Business failure – the difference between Liquidation and Receivership explained


Many businesses start off with the best intentions when it comes to paying their creditors, but in these uncertain financial times it can sometimes seem all too easy to fall behind on payments. Often contractual agreements can go unsatisfied leading to creditors taking action to recover their losses. Many small businesses fall victim to liquidation and receivership in the UK every year, and although these two terms mean quite different things, the end result is usually the same; the sale of assets, in order to pay off as much of the debt as possible.
Receivership vs. liquidation

When a business has been struggling financially with seemingly no solution in sight, it can be placed in the hands of creditors and wound up by means of a formal insolvency procedure; this is known as receivership, and it's when a creditor takes control of a business and its assets with the intent of liquidating them. These creditors can then attempt to recover any money which they are due, and they can do this via the sales of a business and any applicable assets of that business. Liquidation on the other hand simply means the process of selling the assets.
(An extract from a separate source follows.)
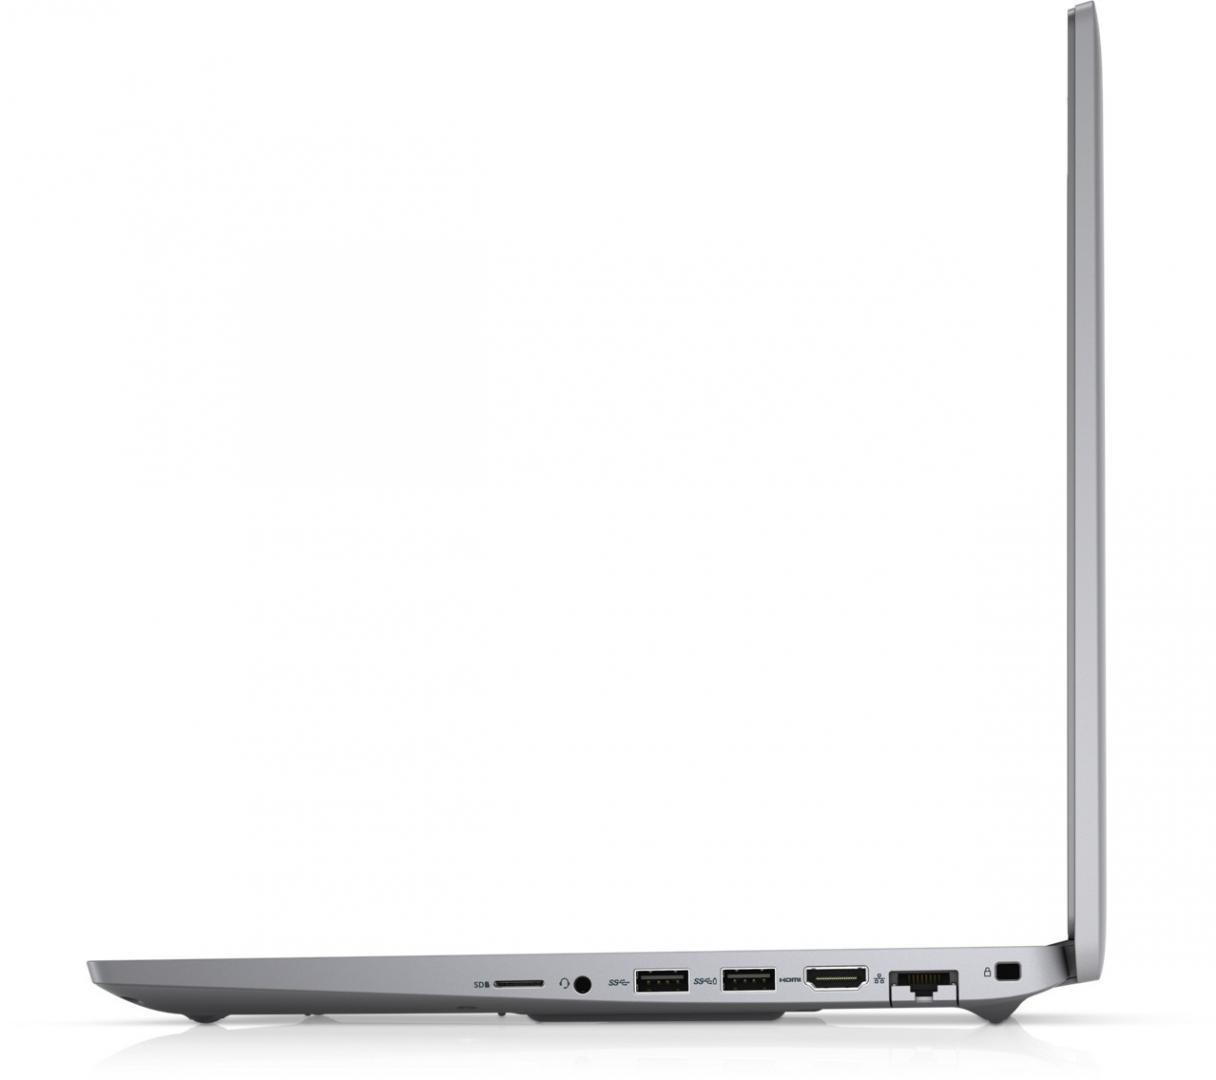 """Workstation Dell Mobile Precision 3560, 15.6"""" FHD, i7-1165G7, 16GB, 512GB SSD, Nvidia T500, W10 Pro - imaginea 4"""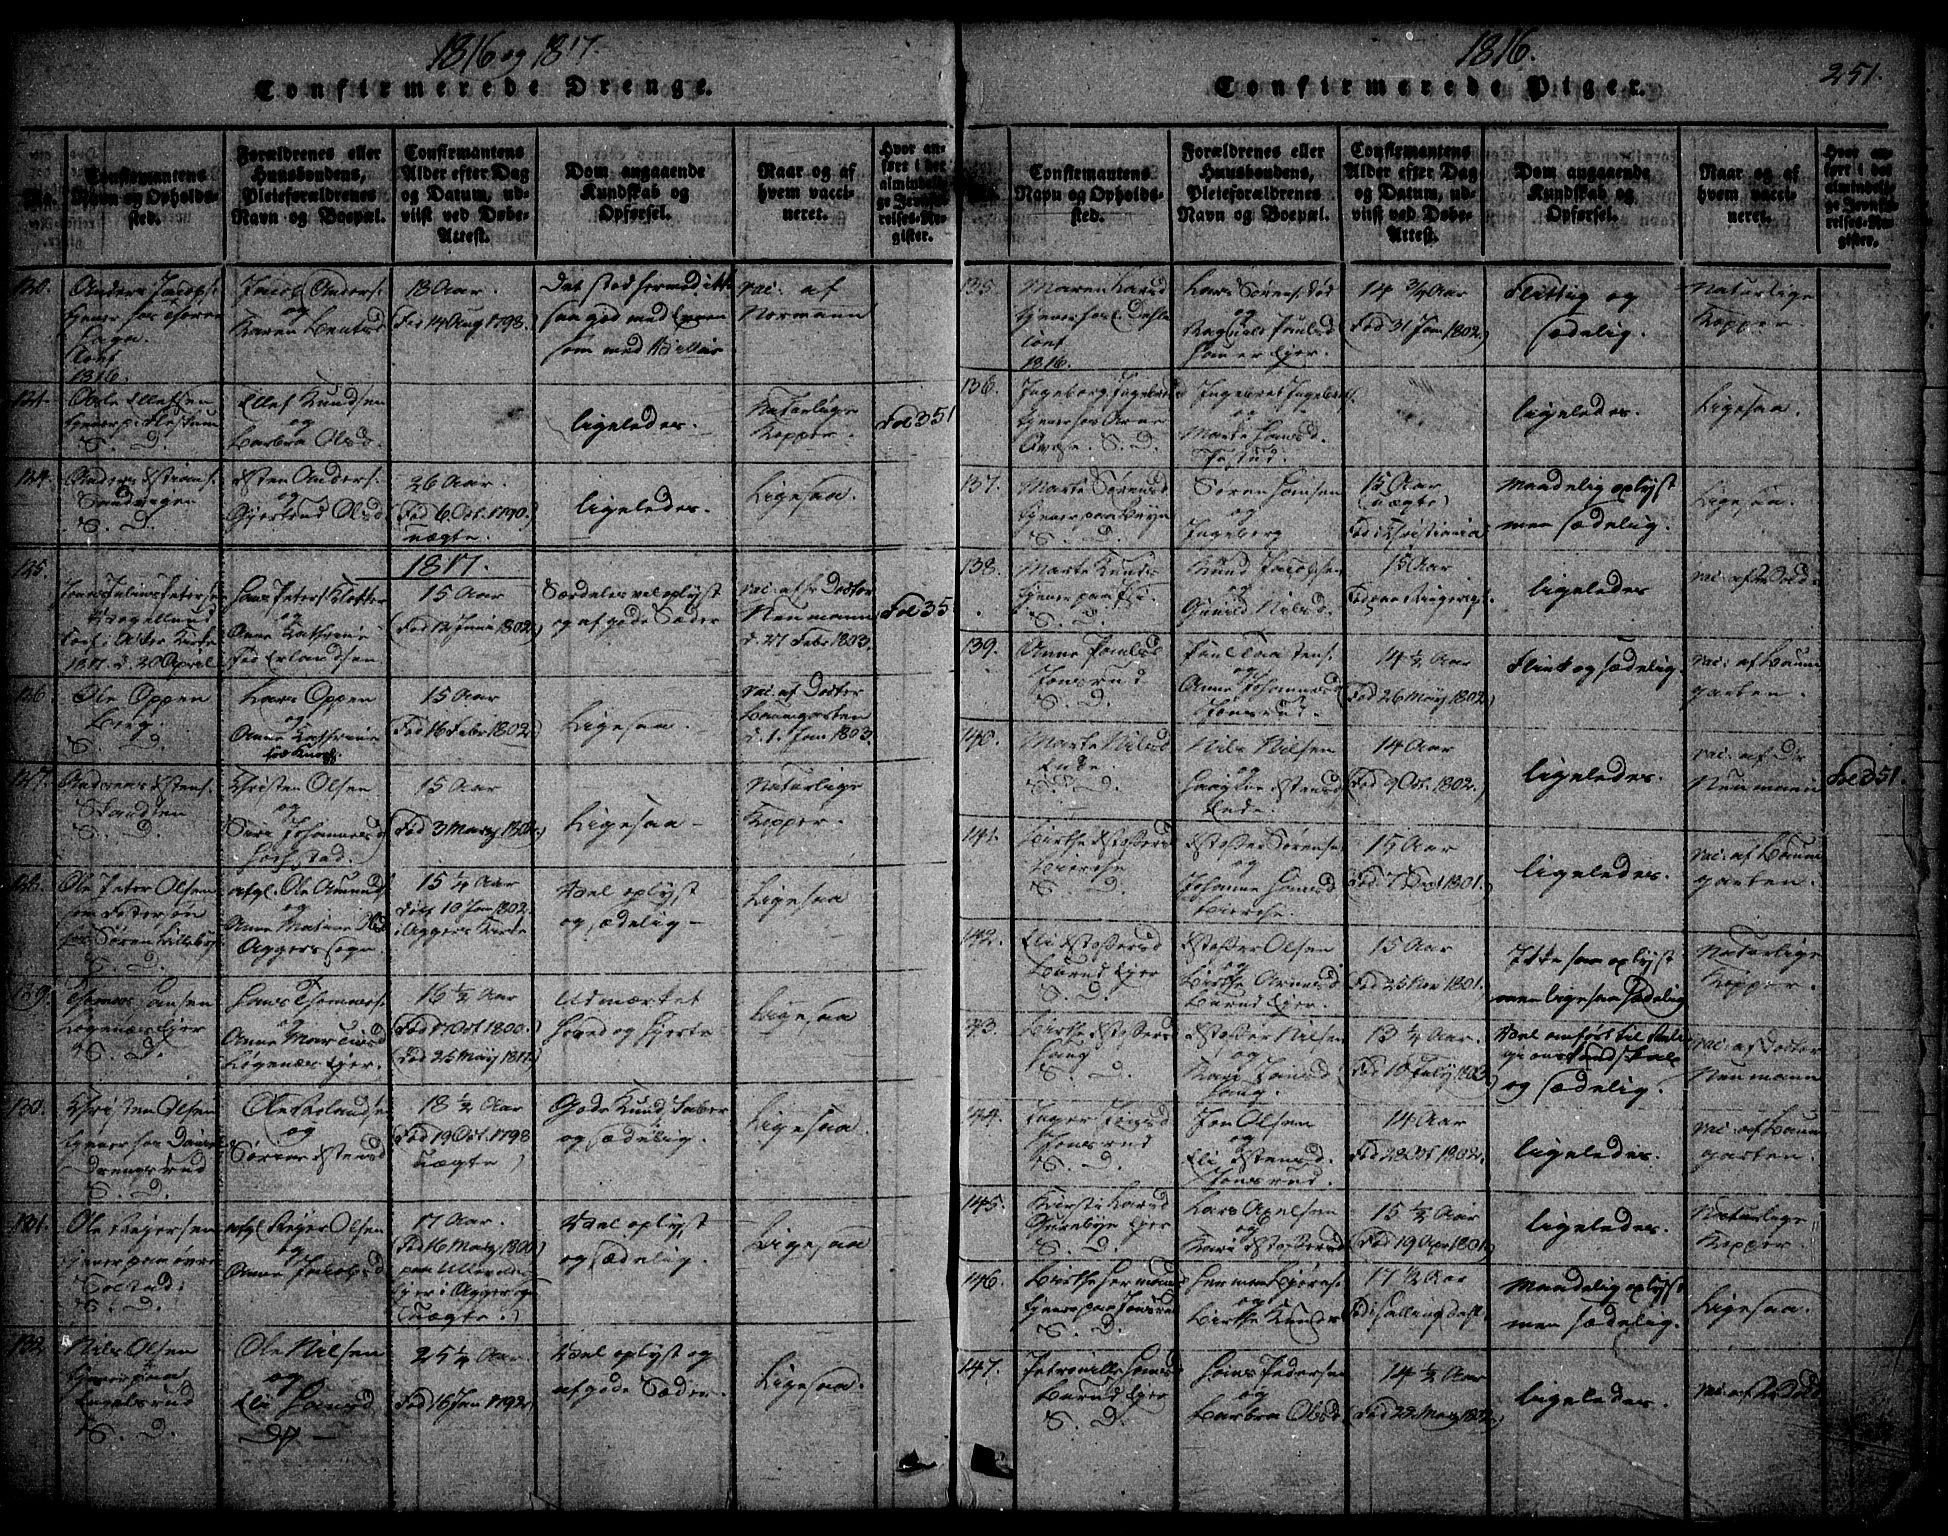 SAO, Asker prestekontor Kirkebøker, F/Fa/L0006: Ministerialbok nr. I 6, 1814-1824, s. 251

In some cases, a business can be turned around when an administrator is brought in to take control, however, we'll mainly be looking at liquidation and receivership in this article. It is important for directors of struggling companies to know of these procedures and the effect they can have on their business, so if you find yourself in this unfortunate situation, please read on.
The process of receivership

Receivership generally involves bringing in a receiver who is appointed by a creditor in order to have the insolvent company's assets or properties seized, as long as these have been specified in a legal charge within the agreement of a secured loan. If the charge in question has specified a provision which enables express appointment, receivership can also occur very quickly and with very little warning. The receiver's specific rights and privileges will spring from the individual terms of the loan agreement in question, however, all receivers must follow the statutes laid out in Section 109 of the Law of Property Act (LPA).
Receivership vs. administration

For most companies, receivership is often the least attractive option, as there aren't really any advantages to this procedure and it will lead at the very least to loss of property, along with liquidation and the most likely dissolution of the company in question. Administration will only entrust the company to an experienced professional who can then work to escape insolvency while the company is in administration. Sometimes it can be possible to avoid receivership if your company goes into administration, providing the right steps have been taken, such as the sale of enough assets, or a pre-pack sale. It should also be noted that companies in administration cannot be forced into liquidation.
The difference between voluntary and compulsory liquidation

Voluntary liquidation falls into two different categories; members' voluntary liquidation or creditors' voluntary liquidation. This happens when a company goes through the resolution process and is brought about by a qualified practitioner. Compulsory liquidation, on the other hand, is put into play by a court order and may either be conducted by an Official Receiver or a qualified practitioner.

It should be noted here that the liquidators usually have first dibs on the company's assets in order to cover their fees, and after that the pecking order for who gains the leftover assets is really quite strict. Preferential creditors, like tax authorities, are usually first to claim assets, closely followed by banks which may have lent money to the business by way of secured loans.
Steps to take when facing receivership

If you find yourself facing receivership from either a creditor or , it can be an unpleasant experience and can lead to anxiety and stress. Nevertheless, it is essential that you should act very quickly, particularly if you have a loan agreement which enables express appointment. Do not wait to defend yourself, and take action immediately by getting in contact with a licensed insolvency practitioner to consider your options and the possible results and implications of receivership for your company. This could be the only way to avoid receivership, and it will be the most likely outcome if you do not seek assistance from an experienced professional.